Documentation for PytorchTritonModelStorageManager

Functionality

This class manages the storage of PyTorch models for deployment with Triton. It saves the model's state dictionary and generates a Python script that recreates the model structure during initialization, ensuring that dynamic control flow is maintained.

Purpose

  • Save the model parameters separately from the definition.
  • Generate a reconstruction script for model loading in Triton.
  • Support both standard and sequential PyTorch models.

Motivation

By decoupling the model weights from its architecture, this approach offers flexibility in handling models with dynamic control flows and varying structures. It simplifies updates and allows easier integration with Triton's LibTorch backend.

Inheritance

This class inherits from TritonModelStorageManager, extending its functionality specifically for PyTorch models.
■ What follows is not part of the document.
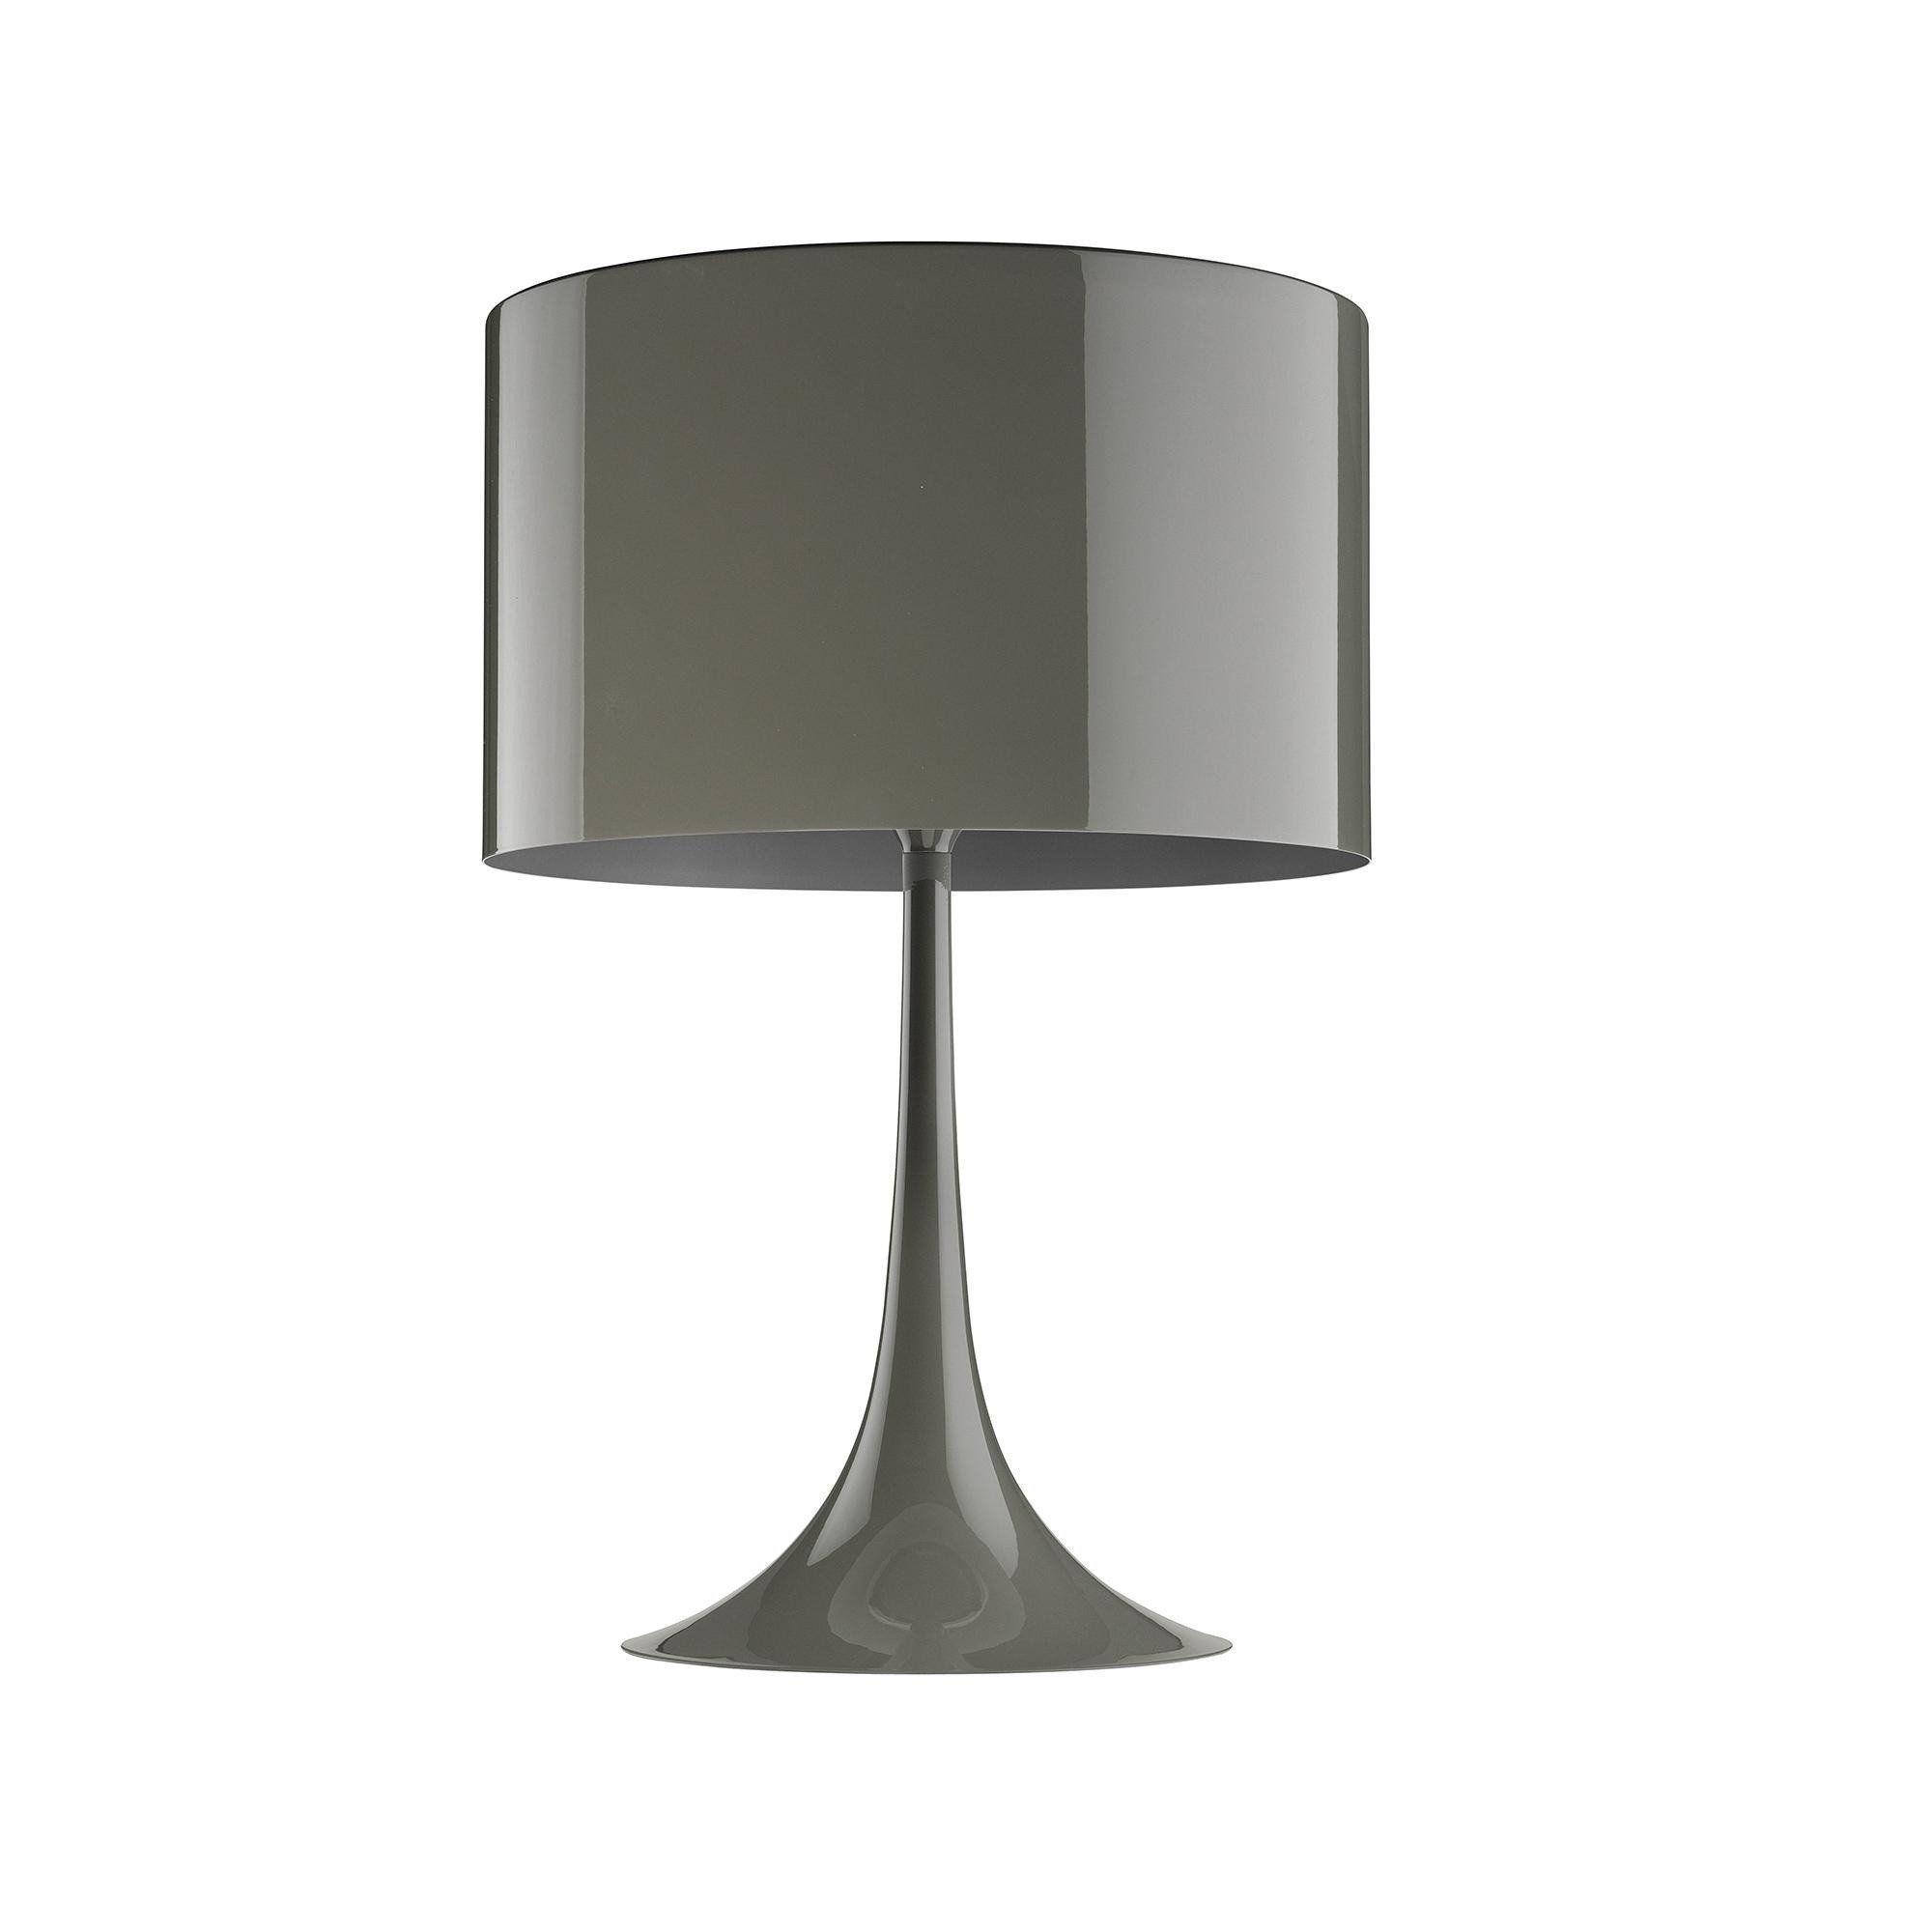 ... Flos   Spun Light T2 Table Lamp   Mud/glossy ...

Method: PytorchTritonModelStorageManager._get_model_artifacts

Functionality

This method retrieves the list of artifact filenames that are expected to be located in the model directory for a PyTorch model. It ensures that both the model's state dictionary and the Python initialization script are present.

Parameters

None.

Returns

  • List[str]: A list with two filenames:
  • "model.pt": The file containing the model's state dictionary.
  • "model.py": The Python script to initialize the model.

Usage

  • Purpose: To identify the required files for deploying the model with Triton Inference Server.

Example

artifacts = pytorch_manager._get_model_artifacts()
print(artifacts)
# Output: ['model.pt', 'model.py']

Method: PytorchTritonModelStorageManager._generate_triton_config_model_info

Functionality

Generates configuration lines for Triton model info. It creates a list of strings that configures the model name, platform, maximum batch size, and Python runtime script.

Parameters

None.

Usage

Use this method to obtain the base Triton configuration for a PyTorch model storage manager. The configuration includes the model name, backend, max_batch_size, and the runtime script path.

Example

manager = PytorchTritonModelStorageManager(storage_info, do_dynamic_batching)
config_lines = manager._generate_triton_config_model_info()

Method: PytorchTritonModelStorageManager._save_model

Functionality

This method saves a PyTorch model by serializing its state dict and creating a Python script to reinitialize the model for Triton. It generates different scripts for regular and Sequential models.

Parameters

  • model: A PyTorch model (nn.Module) whose parameters are saved.
  • example_inputs: A dict mapping input names to example tensors for illustrating the model's expected input structure.

Usage

  • Purpose: Stores the model weights and produces an initialization script for Triton inference serving.

Example

For a given model and example inputs, save the model with:

manager._save_model(my_model, {"input": tensor_data})